In cases of simple atomic values, I tend to disagree with the common wisdom on this one, mainly on the complexity front. Consider a table containing hats. You can do the "denormalized" way:
CREATE TABLE Hat (
hat_id INT NOT NULL PRIMARY KEY,
brand VARCHAR(255) NOT NULL,
size INT NOT NULL,
color VARCHAR(30) NOT NULL /* color is a string, like "Red", "Blue" */
)
Or you can normalize it more by making a "color" table:
CREATE TABLE Color (
color_id INT NOT NULL PRIMARY KEY,
color_name VARCHAR(30) NOT NULL
)
CREATE TABLE Hat (
hat_id INT NOT NULL PRIMARY KEY,
brand VARCHAR(255) NOT NULL,
size INT NOT NULL,
color_id INT NOT NULL REFERENCES Color(color_id)
)
The end result of the latter is that you've added some complexity - instead of:
SELECT * FROM Hat
You now have to say:
SELECT * FROM Hat H INNER JOIN Color C ON H.color_id = C.color_id
Is that extra join a huge deal? No - in fact, that's the foundation of the relational design model - normalizing allows you to prevent possible inconsistencies in the data. But every situation like this adds a little bit of complexity, and unless there's a good reason, it's worth asking why you're doing it. I consider possible "good reasons" to include:
- Are there other attributes that "hang off of" this attribute?
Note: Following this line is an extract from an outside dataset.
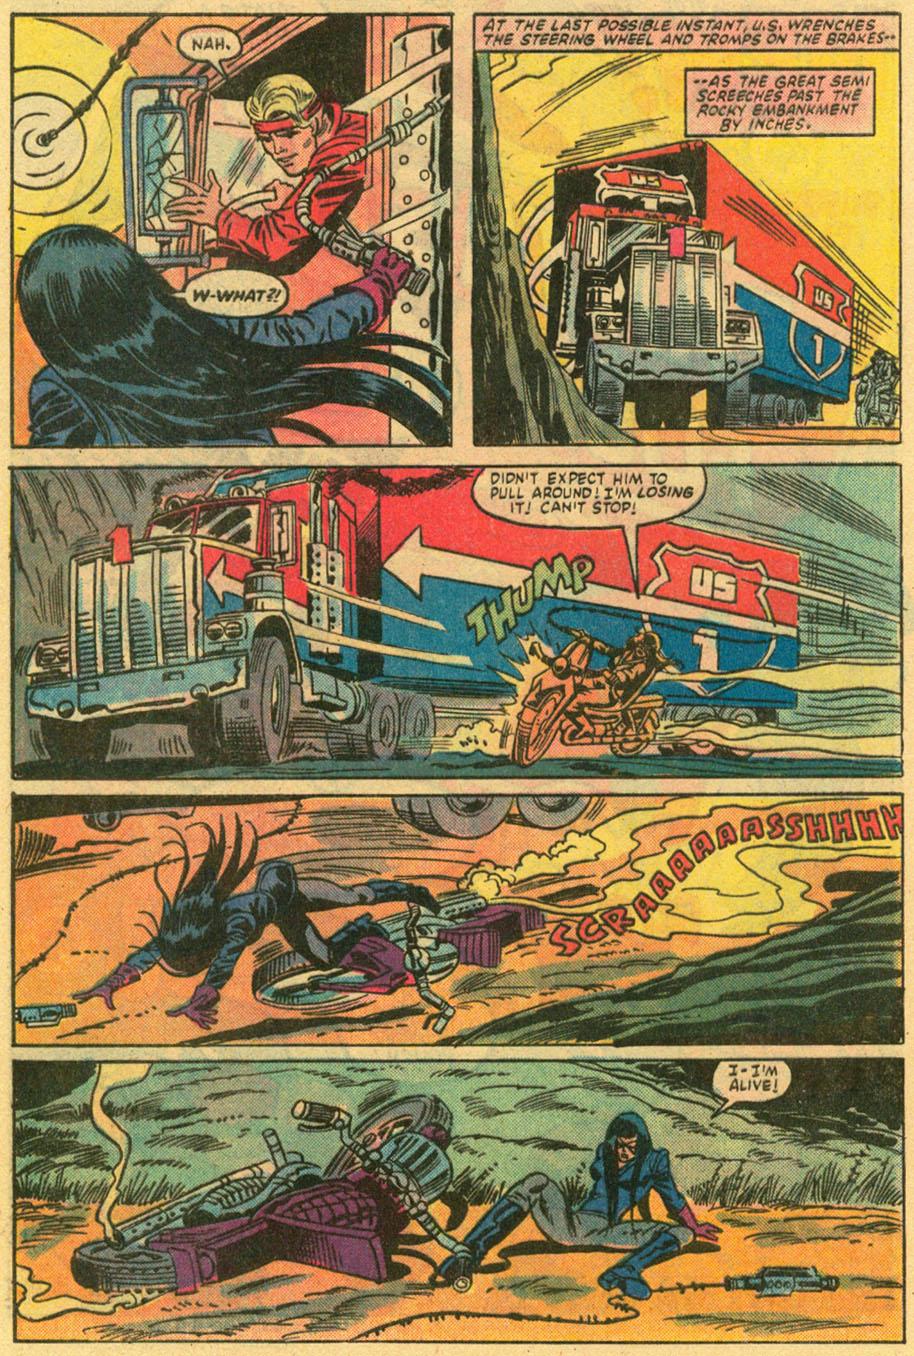 Read online U.S. 1 comic -  Issue #2 - 23
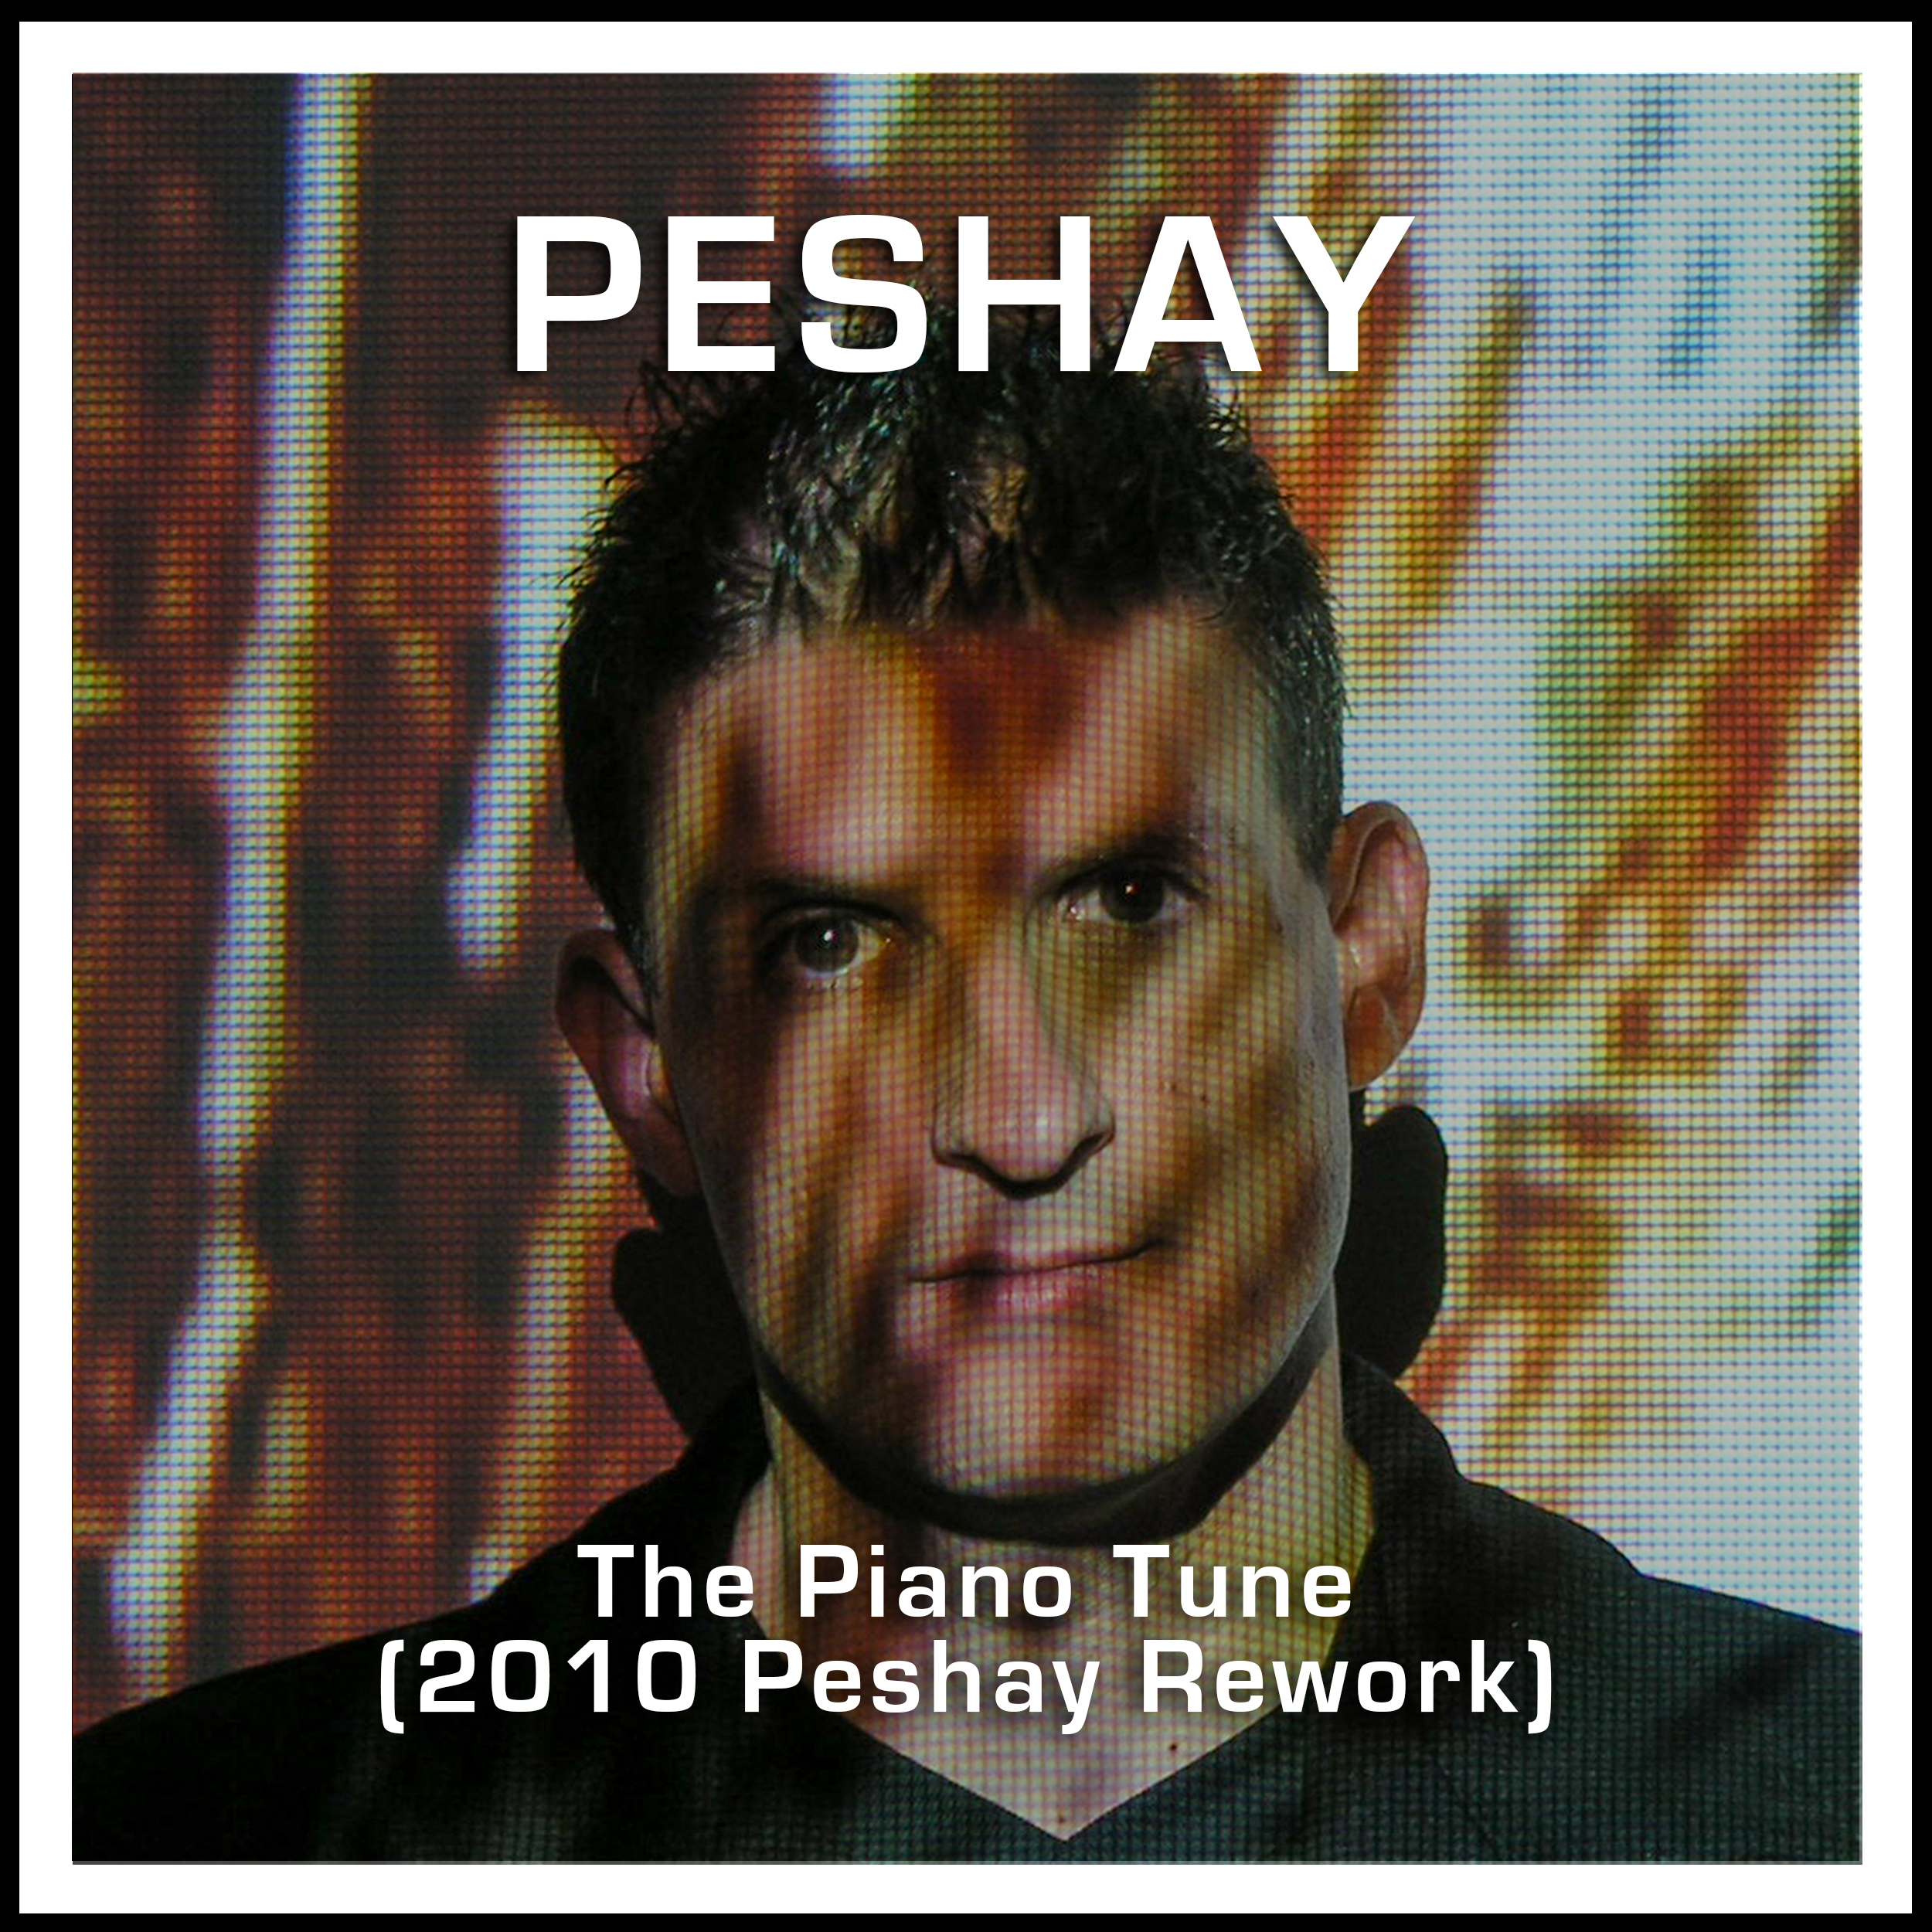 Peshay releases Piano Tune (2010 Peshay Rework)

Are you capturing, say, both "color name" and "hex value", such that hex value is always dependent on color name? If so, then you definitely want a separate color table, to prevent situations where one row has ("Red", "#FF0000") and another has ("Red", "#FF3333"). Multiple correlated attributes are the #1 signal that an entity should be normalized.
- Will the set of possible values change frequently? Using a normalized lookup table will make future changes to the elements of the set easier, because you're just updating a single row. If it's infrequent, though, don't balk at statements that have to update lots of rows in the main table instead; databases are quite good at that. Do some speed tests if you're not sure.
- Will the set of possible values be directly administered by the users? I.e. is there a screen where they can add / remove / reorder the elements in the list? If so, a separate table is a must, obviously.
- Will the list of distinct values power some UI element? E.g. is "color" a droplist in the UI? Then you'll be better off having it in its own table, rather than doing a SELECT DISTINCT on the table every time you need to show the droplist.
If none of those apply, I'd be hard pressed to find another (good) reason to normalize. If you just want to make sure that the value is one of a certain (small) set of legal values, you're better off using a CONSTRAINT that says the value must be in a specific list; keeps things simple, and you can always "upgrade" to a separate table later if the need arises.